At least initially we would completely hide internal details of the representation from the client of string (thus it will not know if how the string is encoded). This proposal at least initially would be no NOT have multiple representations but to uniformly use UTF8 internally. Now maybe we would take that next step (of having multiple possible representations) but first thing first. First we make it so that we don't HAVE to be UTF16.

@ufcpp ufcpp referenced this issue in ufcpp/UfcppSample Sep 22, 2016
Open

文字コードがらみ #91

@fanoI
fanoI commented Sep 23, 2016 edited

No the thread proposal was not to use UTF-8 that would 3 bytes for a lot of characters that in UFT-16 would be represented with 2 but to use ASCII or Latin1 when possible using 1 byte and to use UTF-16 (2 byte) for anything else.

If not what we achieve using UTF-8?

  1. A lot of trivial string will occupy more memory that what they do now
  2. Operator [] is never a simply operation
  3. Conversion to Char (that will remain UTF-16) will be never trivial
@jamesqo
Contributor
jamesqo commented Sep 24, 2016

@vancem You mention:

My expectation of how 'fixed' works is that it unconditionally copies the string data into an array of char and points it at that.
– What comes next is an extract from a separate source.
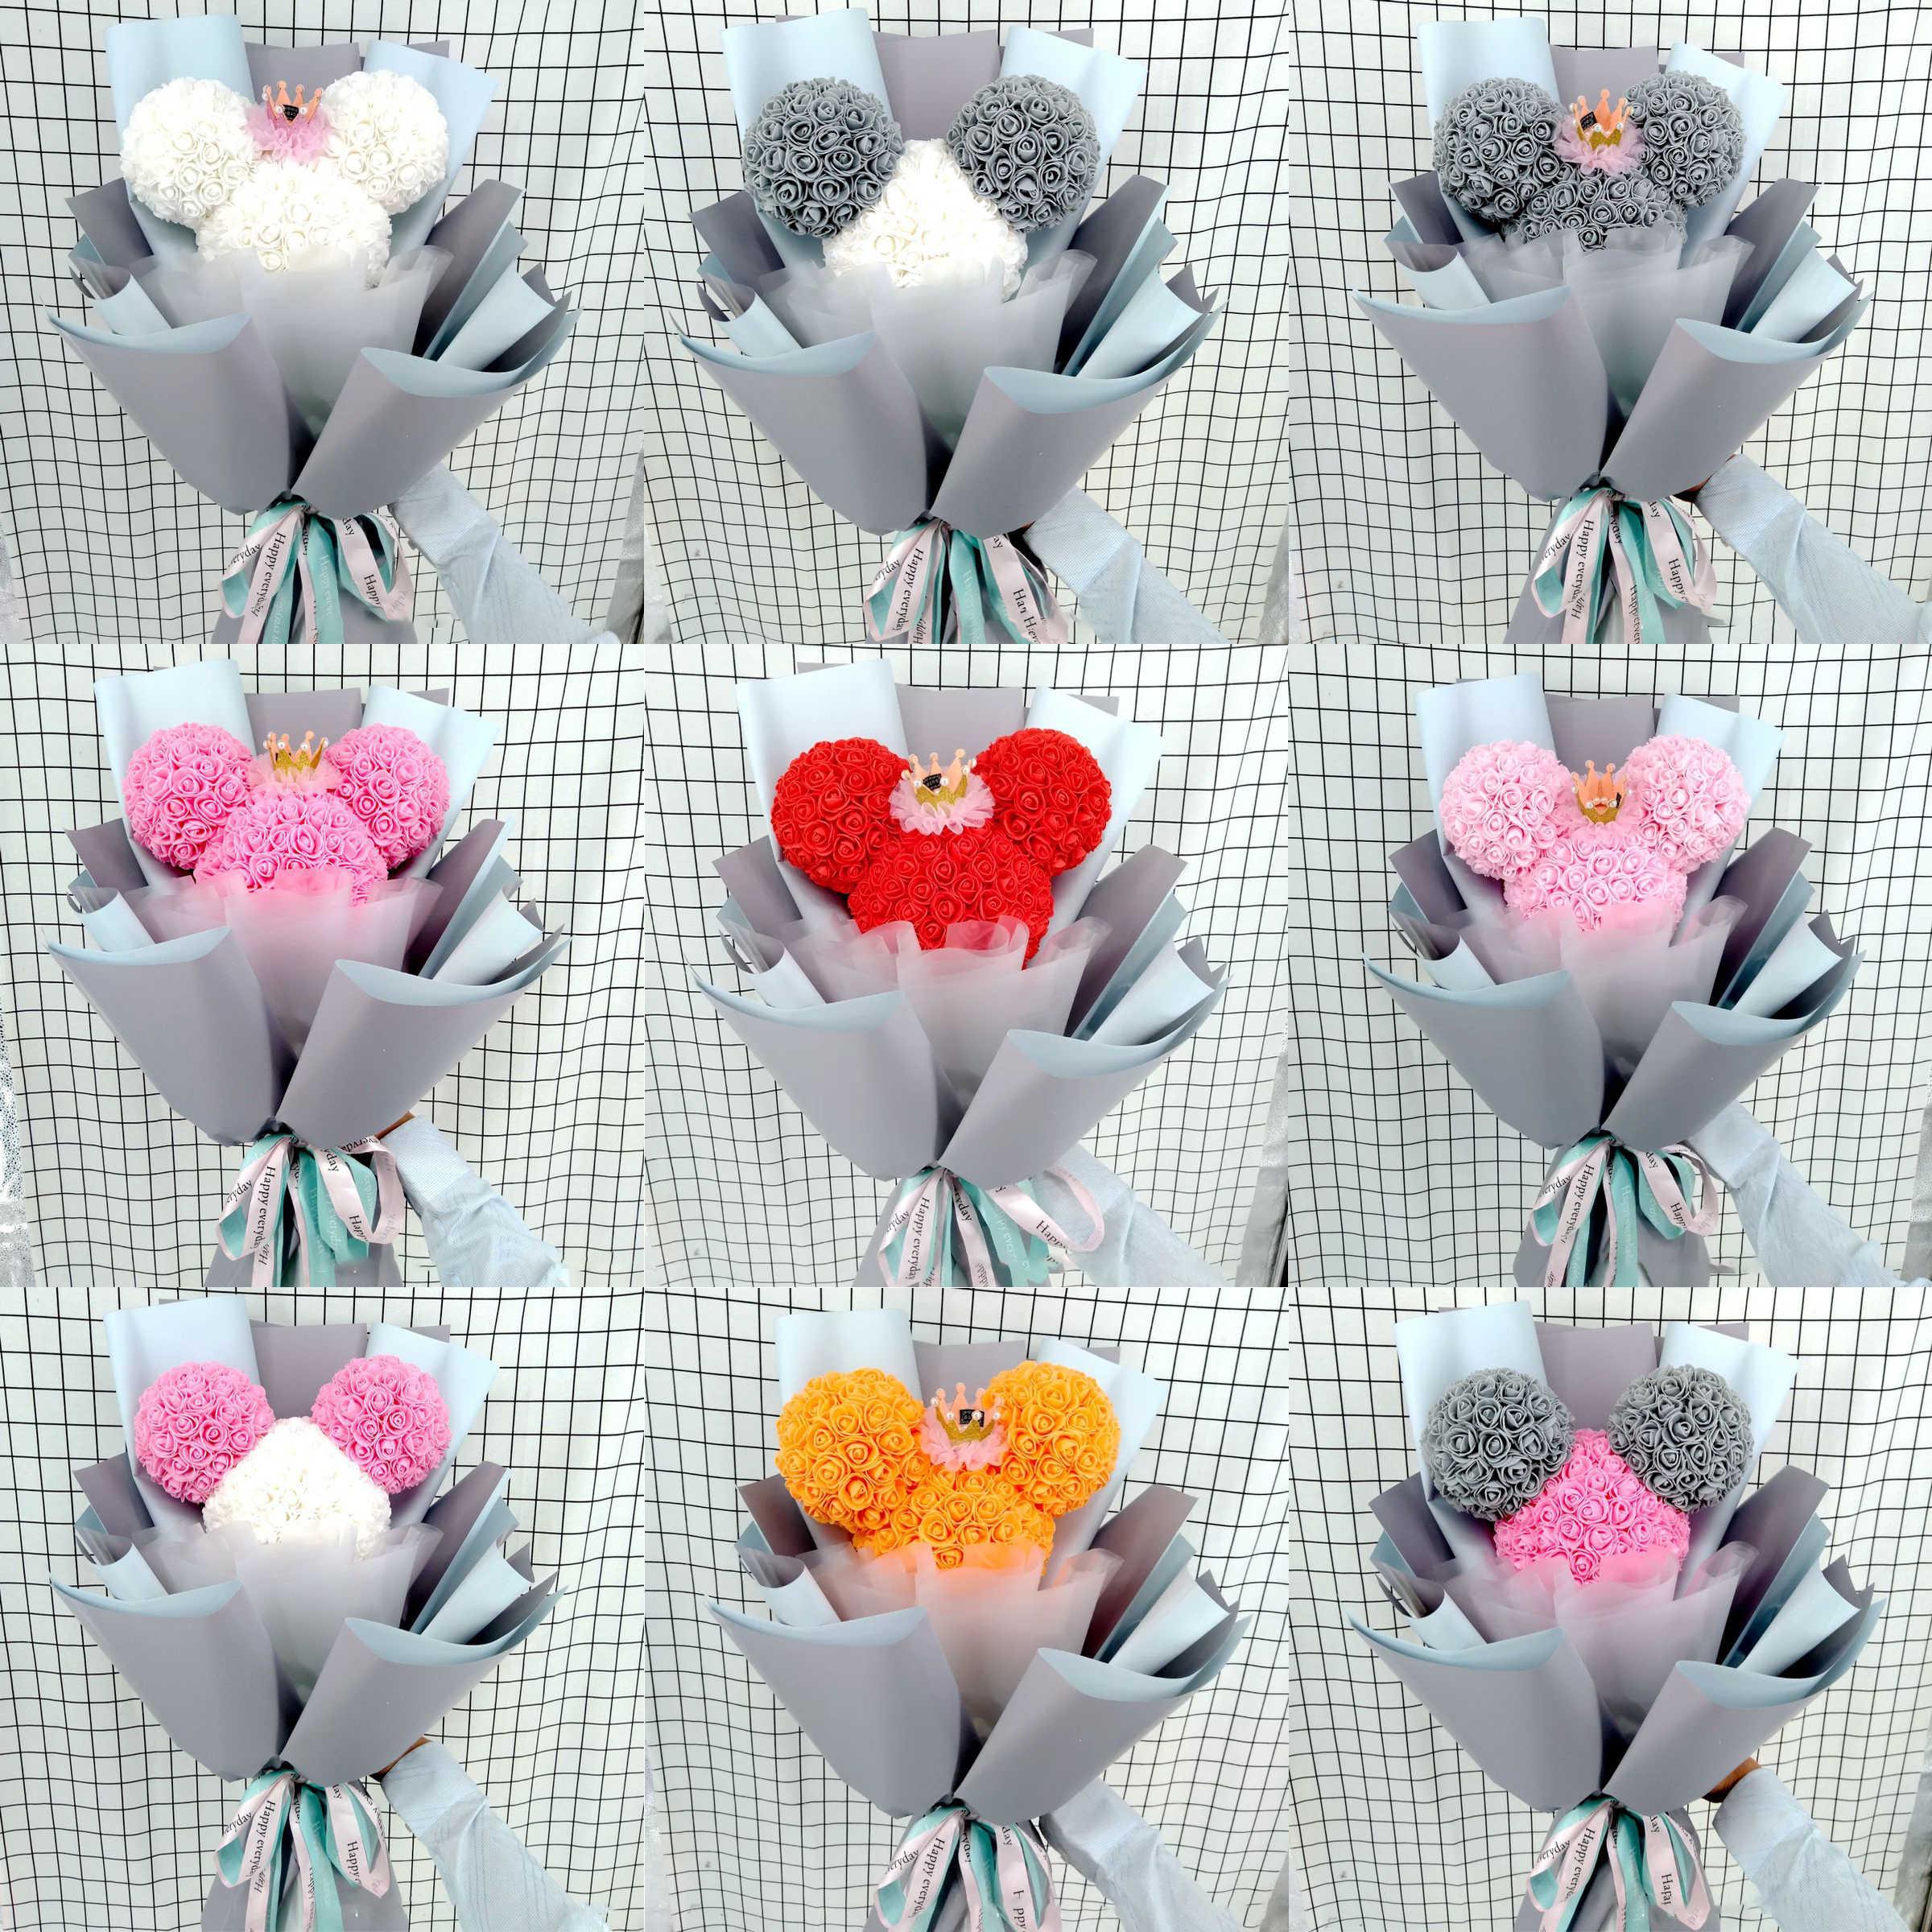 Decoración de boda Día de San Valentín regalo poliestireno espuma Oso Blanco jabón flor Mickey cabeza para decoración de fiesta DIY

I though the whole point of the fixed statement was for better performance, e.g. eliding range checks in hot paths. Copying the entire string to a new char array each time would seem to go against that.

@jamesqo
Contributor
jamesqo commented Sep 24, 2016

I know I'm a little bit late to the party, but here are my thoughts as someone who has written code for String:

  1. This would slow down existing codepaths that convert from other UTF-16 types to String. For example, the string(char[]) constructor would get a lot slower.
  2. It would require reworking most or all of the Encoding implementations, and double the amount of code for String. Subtle bugs could show up in the UTF-16 implementation of methods, and they would be harder to spot.
  3. Even if there are memory savings from introducing this change, it may still slow down CPU-bound code that processes strings because of an additional switch on m_type. This may also prevent String methods from being inlined, or if they are it will introduce more jitted code bloat.

I generally agree, though, that the memory savings we can gain from UTF-8 strings are desirable. But perhaps we should take a look in the other direction:

  • Make UTF-8 strings easier to use. We can add built-in compiler support so people can just write
var utf8 = u8"Hello, world!";

to get the memory benefits.

  • Make Utf8String a built-in type in mscorlib, so people don't have to reference an external library.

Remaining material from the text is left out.